Australian Securities and Investments Commission (ASIC) Chair Joe Longo warned on Wednesday that the country risks becoming passive recipients of overseas innovation without embracing tokenization. The regulator announced plans to relaunch its Innovation Hub to support financial market advancement.
Longo told the National Press Club that Australia faces a choice between innovation and stagnation. He stated that other nations are outpacing the country despite its early adoption of electronic trading systems. The regulator chair noted that Australia issued its first tokenized bond in Sydney back in 2018.
Real-world assets worth $35.8 billion currently exist on-chain. Boston Consulting Group projects this figure could reach $16 trillion by 2030, while McKinsey & Company estimates a more conservative $2 trillion over the same timeframe.
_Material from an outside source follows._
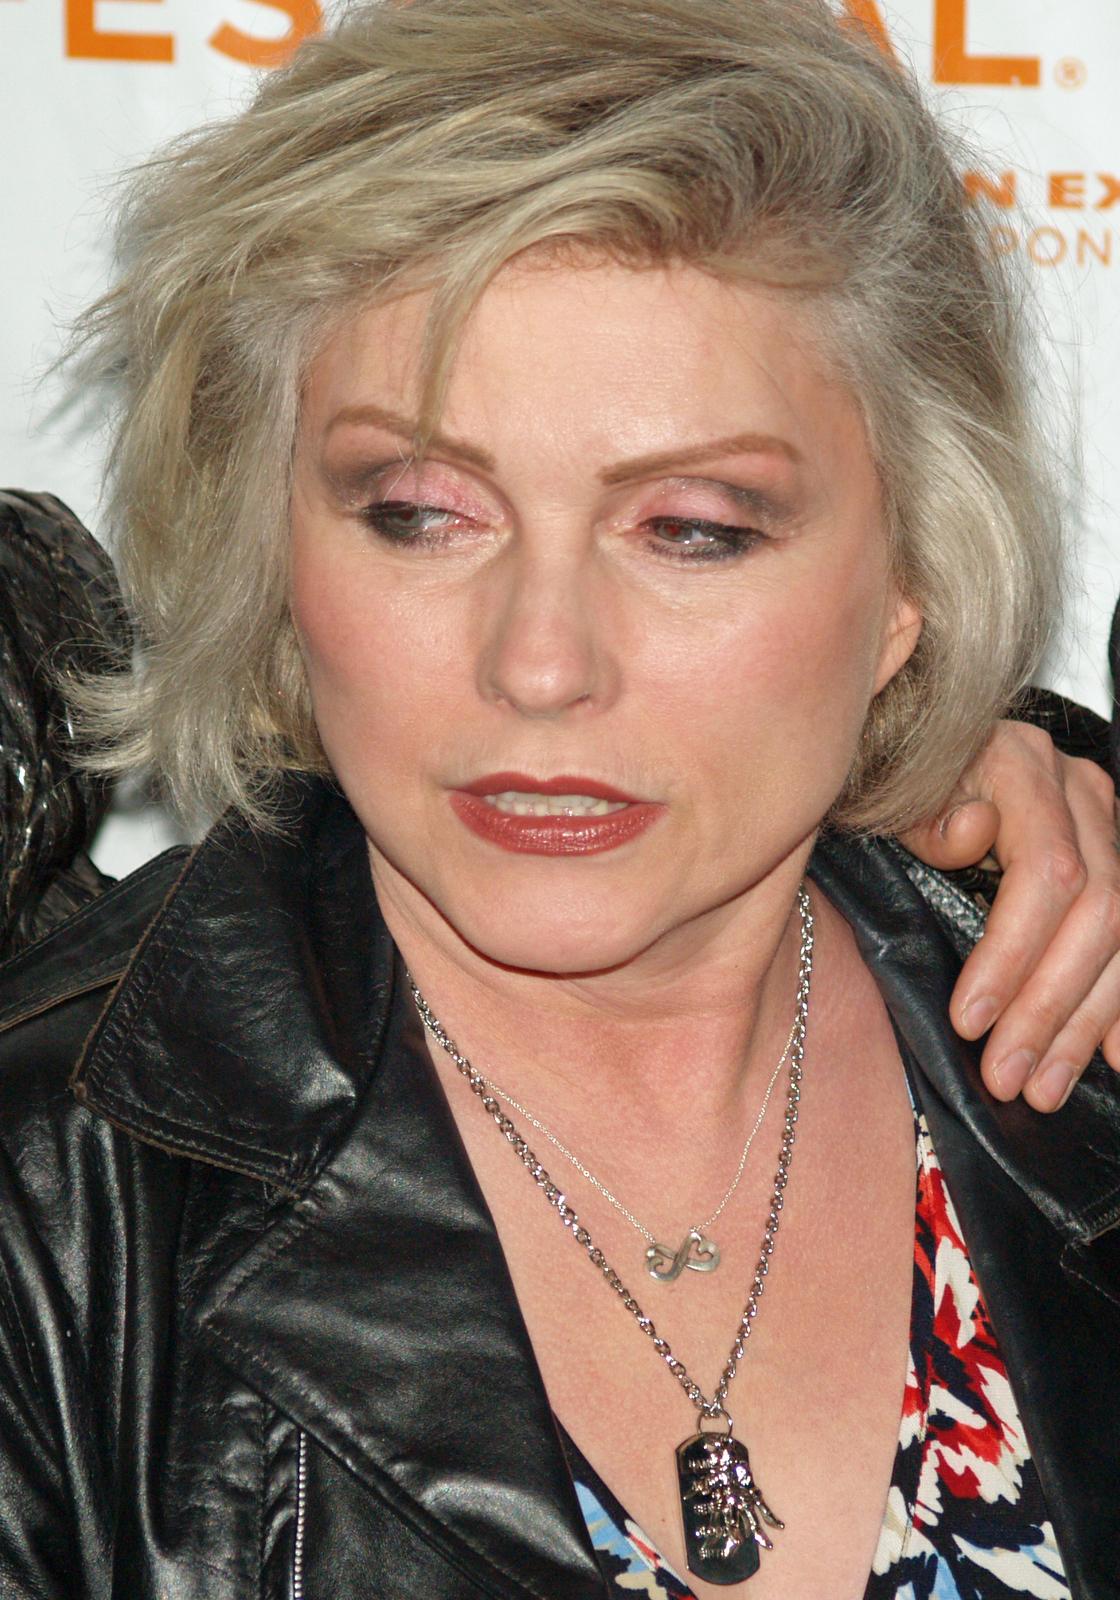 Depiction of Debbie Harry

Distributed ledger technology could fundamentally transform capital markets, similar to how the Clearing House Electronic Subregister System once revolutionized Australian trading. Longo referenced recent discussions with JPMorgan staff who indicated plans to tokenize their money market funds within two years. Four of the bank's largest money market funds hold combined assets worth $730 billion.
The ASIC chair met with U.S. Securities and Exchange Commission Chair Paul Atkins last month. Longo explained that this conversation reinforced Australia's competition with other jurisdictions to capture a larger share of the emerging tokenization market.
Market regulators in the U.S. have floated 24/7 trading concepts, which finance leaders like BlackRock CEO Larry Fink support through tokenization of stocks, bonds, and money market funds. Switzerland's digital securities exchange has already surpassed $3.1 billion in tokenized bond issuances since 2021.
ASIC released updated guidance on digital asset innovation last week, balancing development with investor protection. The revamped Innovation Hub will maintain an open-door policy for innovators facing regulatory challenges, working collaboratively on solutions rather than simply documenting problems.
Tokenizing asset classes will enable broader trader access to markets traditionally limited to institutional investors and high-net-worth individuals. The regulator aims to support innovation from the ground up as capital markets undergo rapid transformation globally.